肠道菌群指人体或动物肠道内存在的大量细菌,随宿主自身饮食和环境因素的改变而变化,肠道菌群平衡稳定是保障机体健康的必要条件,盲肠菌群可以直接或间接反映肠道菌群变化。盲肠菌群主要由厌氧菌构成,其优势菌包括双歧杆菌和乳酸杆菌等[26]。E. coli、肠球菌是盲肠菌群中的条件致病菌。这几种细菌数量的变化是肠道健康的重要指标[27, 28]。实验结果表明:致病对照组小鼠注射致病性E. coli O8后,盲肠中E. coli数量增多,双歧杆菌数量降低。认为致病性E.coli O8可使小鼠正常菌群失调,促进E.coli快速增殖,减少双歧杆菌的数量。小鼠灌胃K2和K8可以抑制感染致病性E. coli O8小鼠盲肠中E.coli和肠球菌的数量,提高乳酸杆菌和双歧杆菌的数量,由此可见K2和K8会促进有益菌在肠道内的生长和定殖。另外乳酸杆菌代谢产生的乳酸,双歧杆菌发酵产生的醋酸,K2和K8中的有机酸,调节肠道内pH,抑制有害细菌繁殖和生长,保持动物正常盲肠菌群比例,防治疾病[29, 30]。本实验结果与魏刚研究的中药复方对小鼠肠道菌群的影响一致[31]。
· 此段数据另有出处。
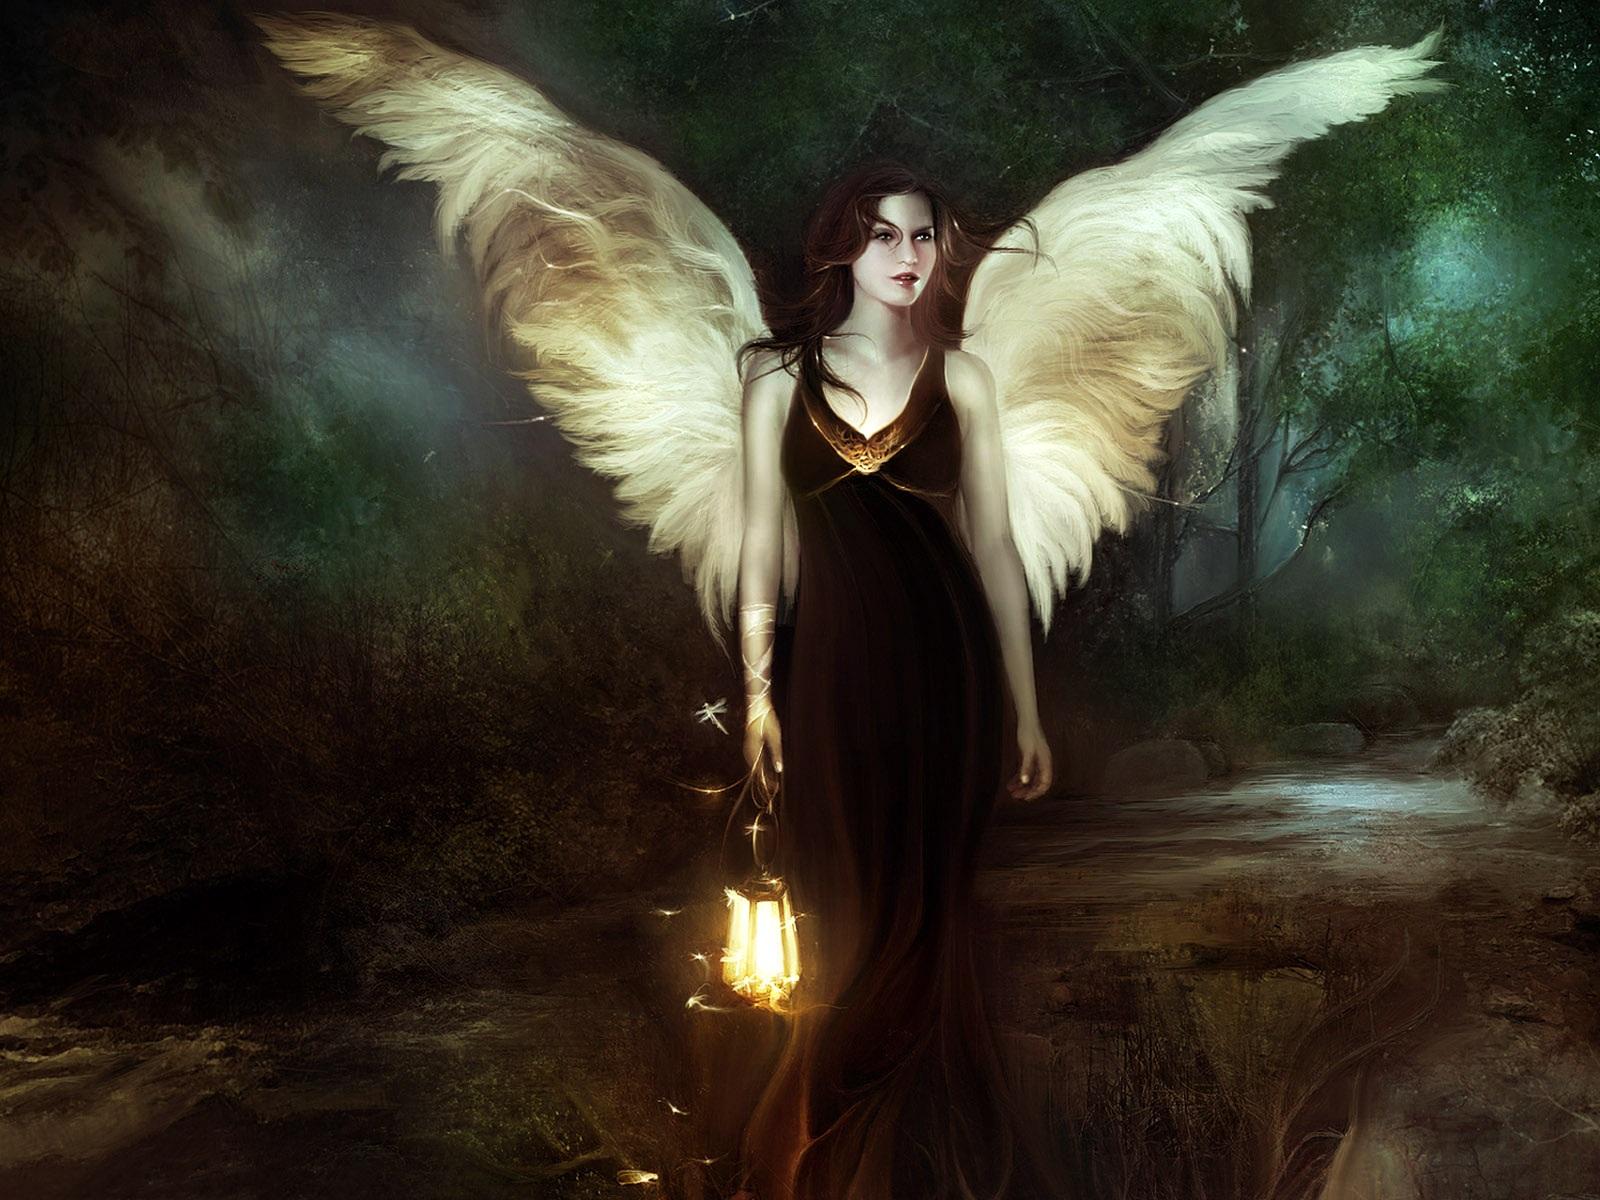 Nacht engel mädchen hintergrundbilder - 1600x1200

4 结论(1) 小鼠注射致病性E. coli O8,出现患病临床症状,其小肠组织出现病理改变。盲肠中E. coli数量增多,胸腺指数、血清IgA、双歧杆菌数量降低。
(2) 酸马奶提取K. marxianus代谢抗菌复合物K2影响感染致病性E. coli O8小鼠小肠病理变化。提高小鼠的脾脏指数和血清免疫球蛋白,增高CD4+/CD8+比值,减少CD8+。同时抑制盲肠中E. coli数量和肠球菌,促进乳酸杆菌繁衍。
(3) 酸马奶提取K. marxianus代谢抗菌复合物K8影响感染致病性E. coli O8小鼠小肠病理变化。提高感染致病性E. coli O8小鼠的脾脏指数和IgM,增高CD4+/CD8+比值,减少CD8+。同时抑制盲肠中肠球菌,促进乳酸杆菌繁衍。
(4) 酸马奶提取K. marxianus代谢抗菌复合物K2和K8对感染致病性E. coli O8小鼠的影响K2更优。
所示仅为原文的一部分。